◆ BRIEF:
Give back every line of the material exactly. Skip the pictures.

Start of PROVIDED DATA

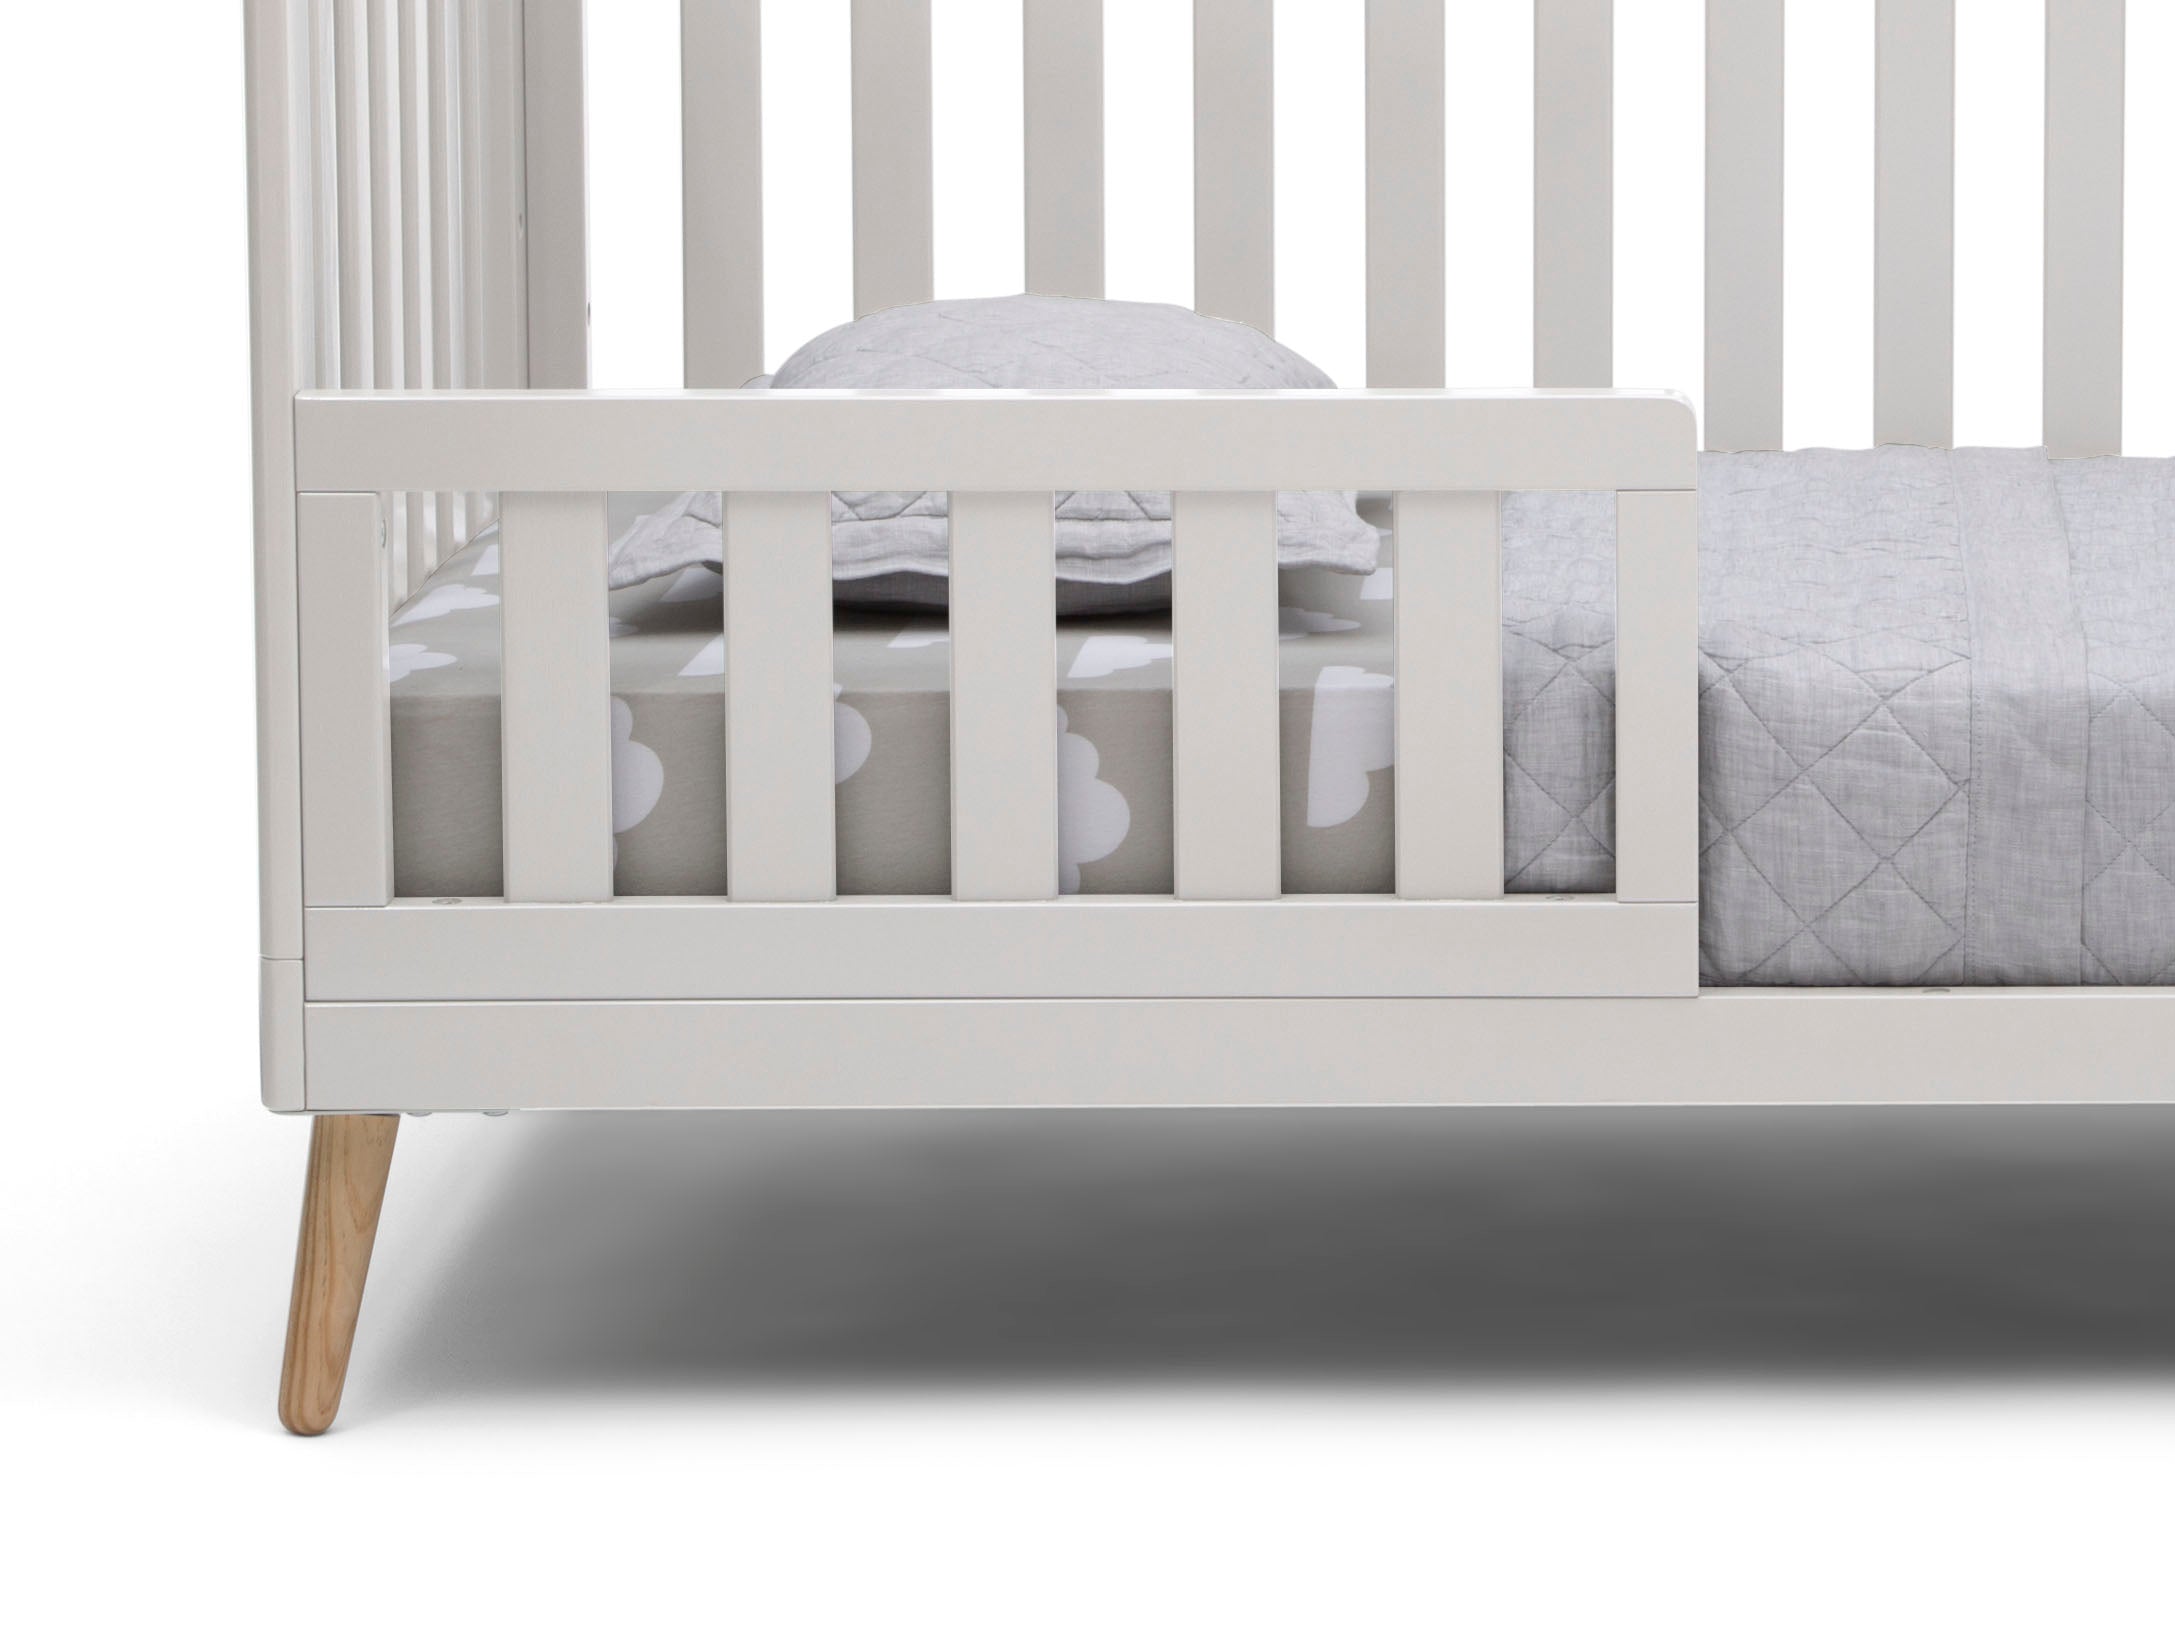 king size bed rails for toddlers
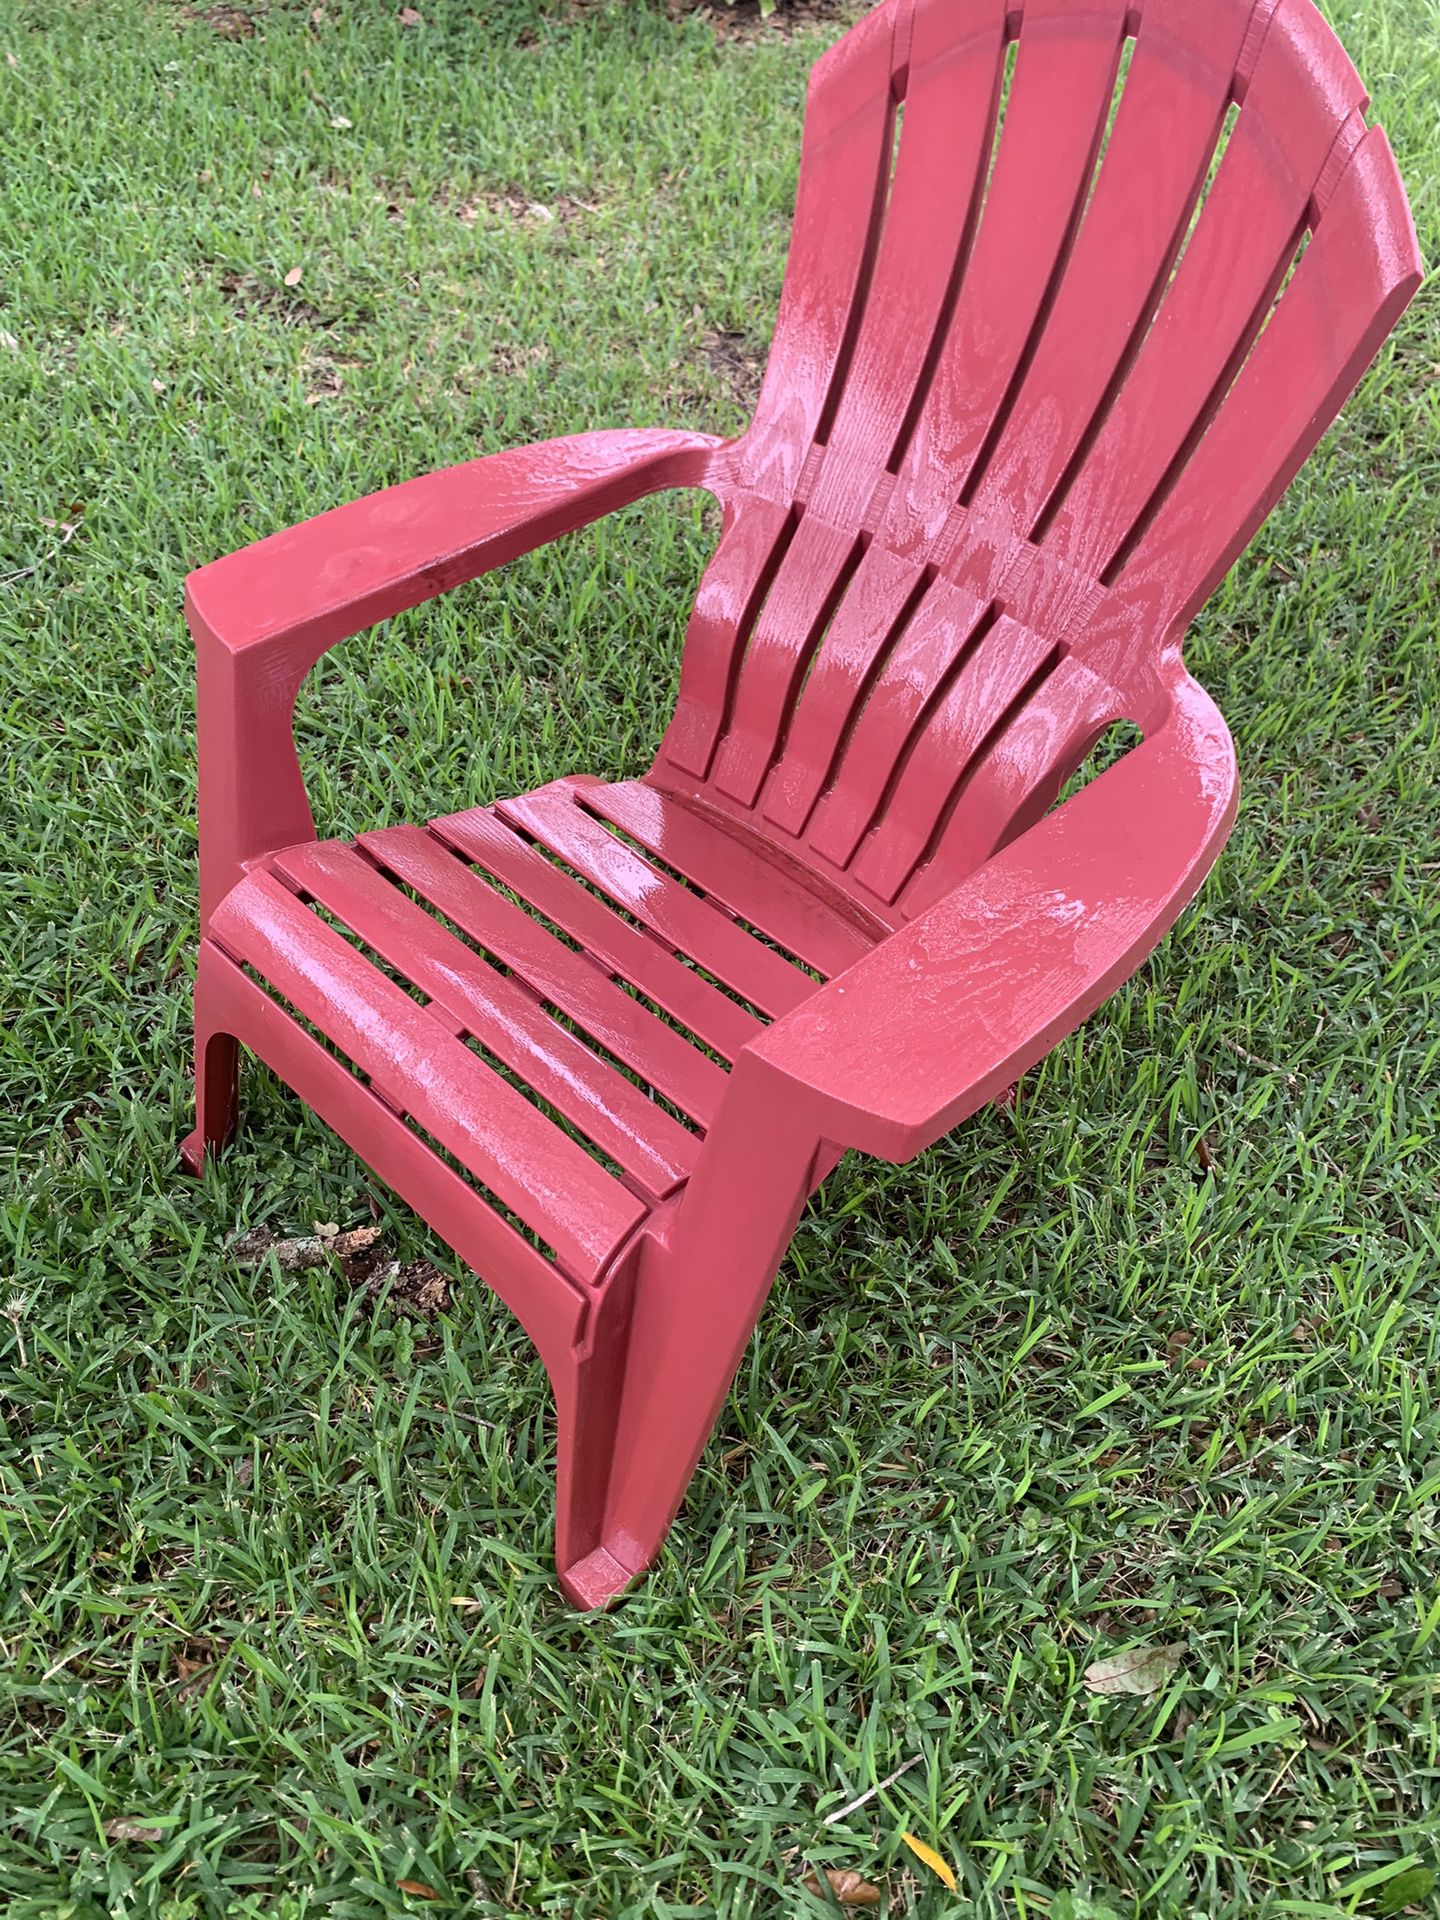 Adirondack Chairs (6) $15 Each Or $75 ALL
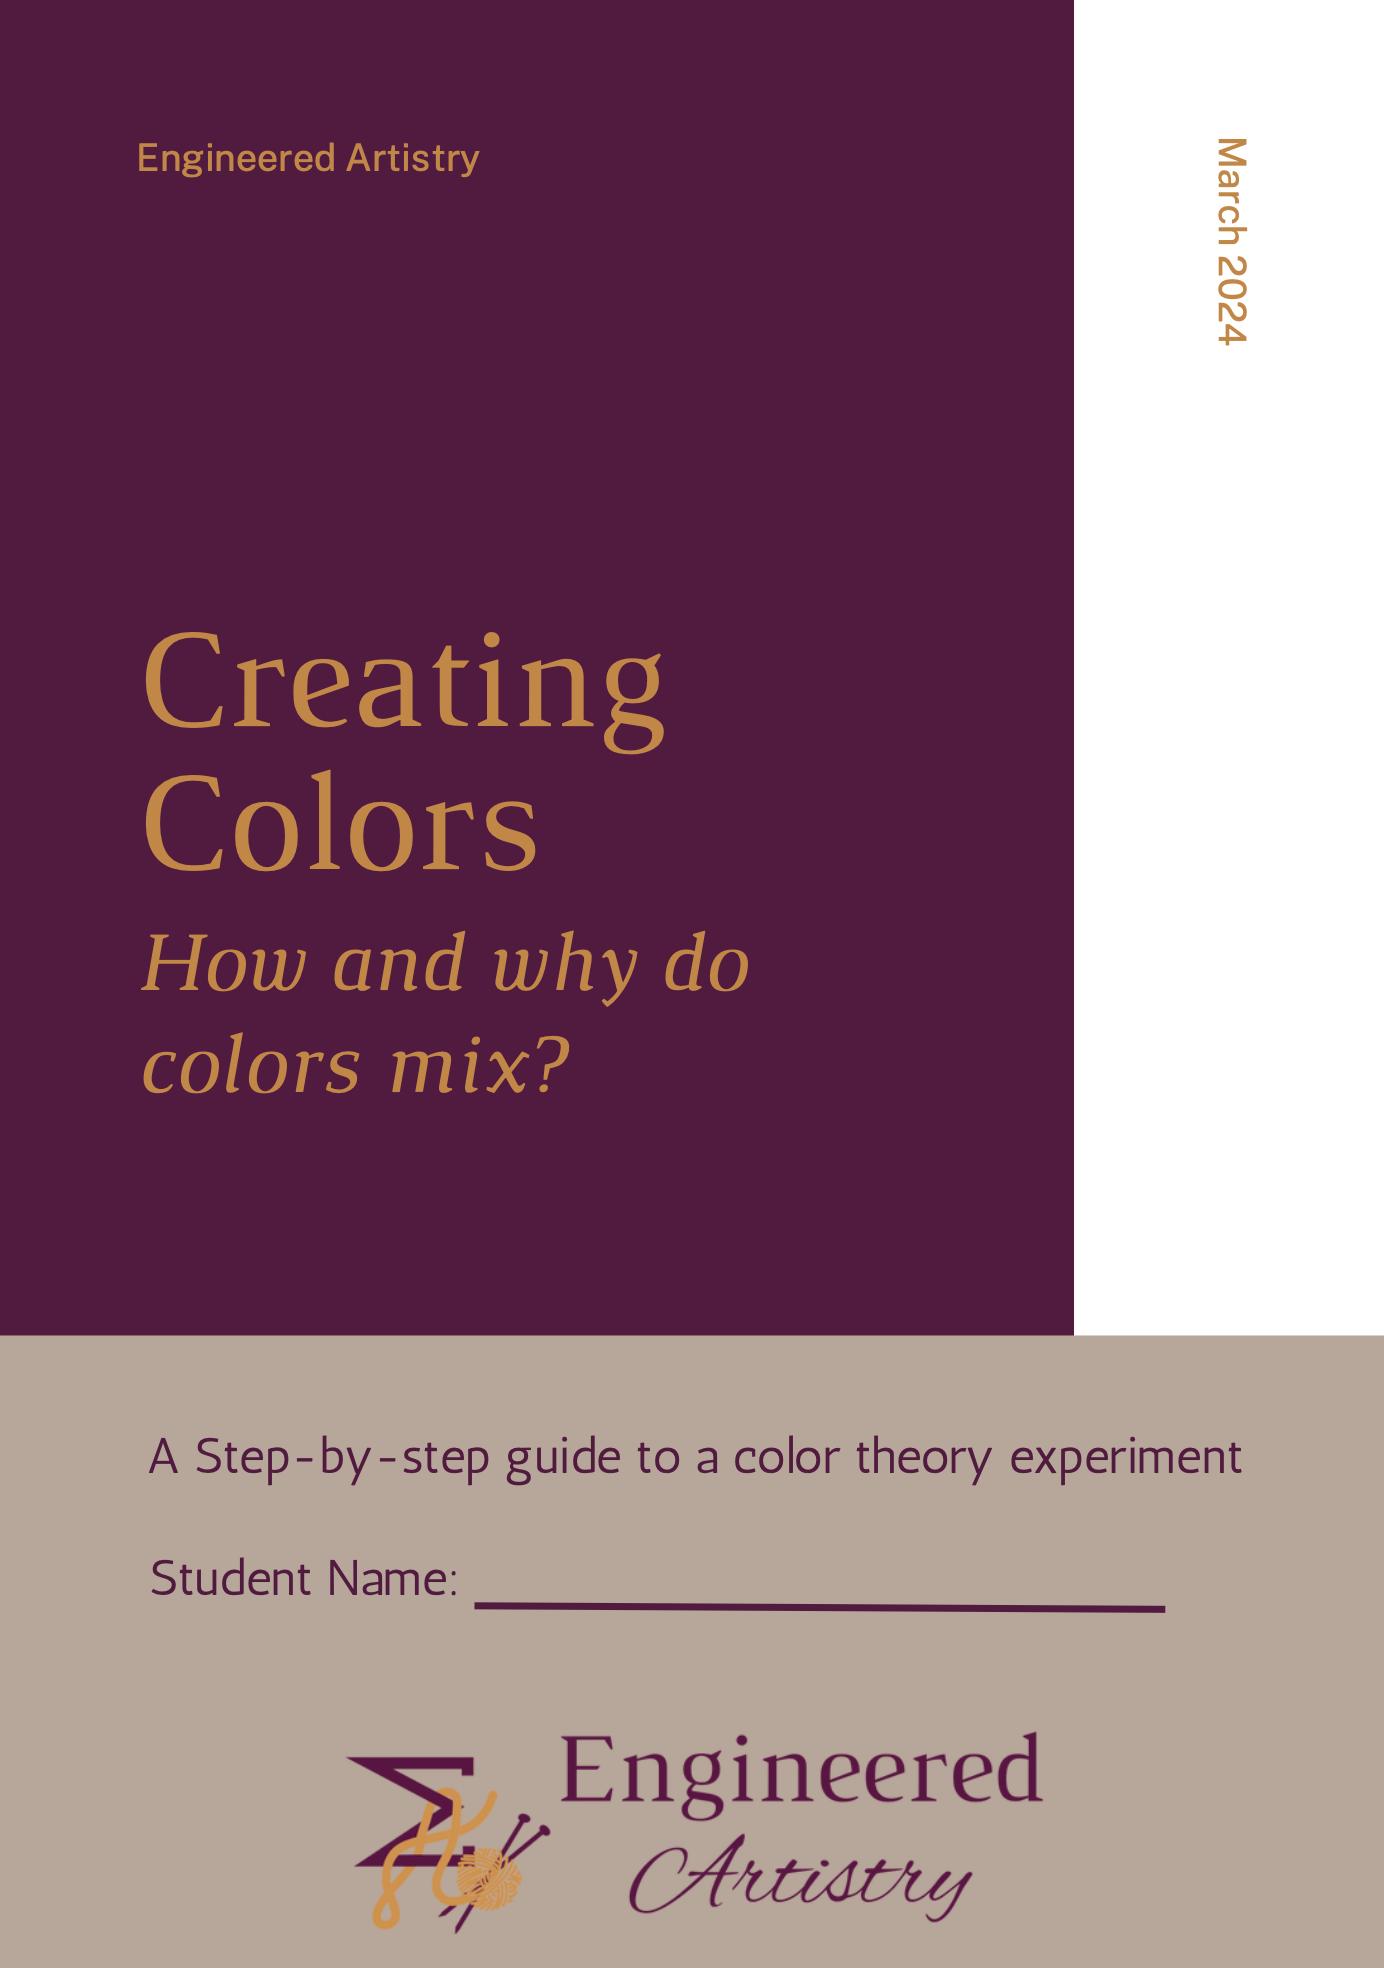 Experiment with Color: A Guided Science Experiment for Kids

End of PROVIDED DATA

◆ EXERCISE RESULT:
 king size bed rails for toddlers
 Adirondack Chairs (6) $15 Each Or $75 ALL
 Experiment with Color: A Guided Science Experiment for Kids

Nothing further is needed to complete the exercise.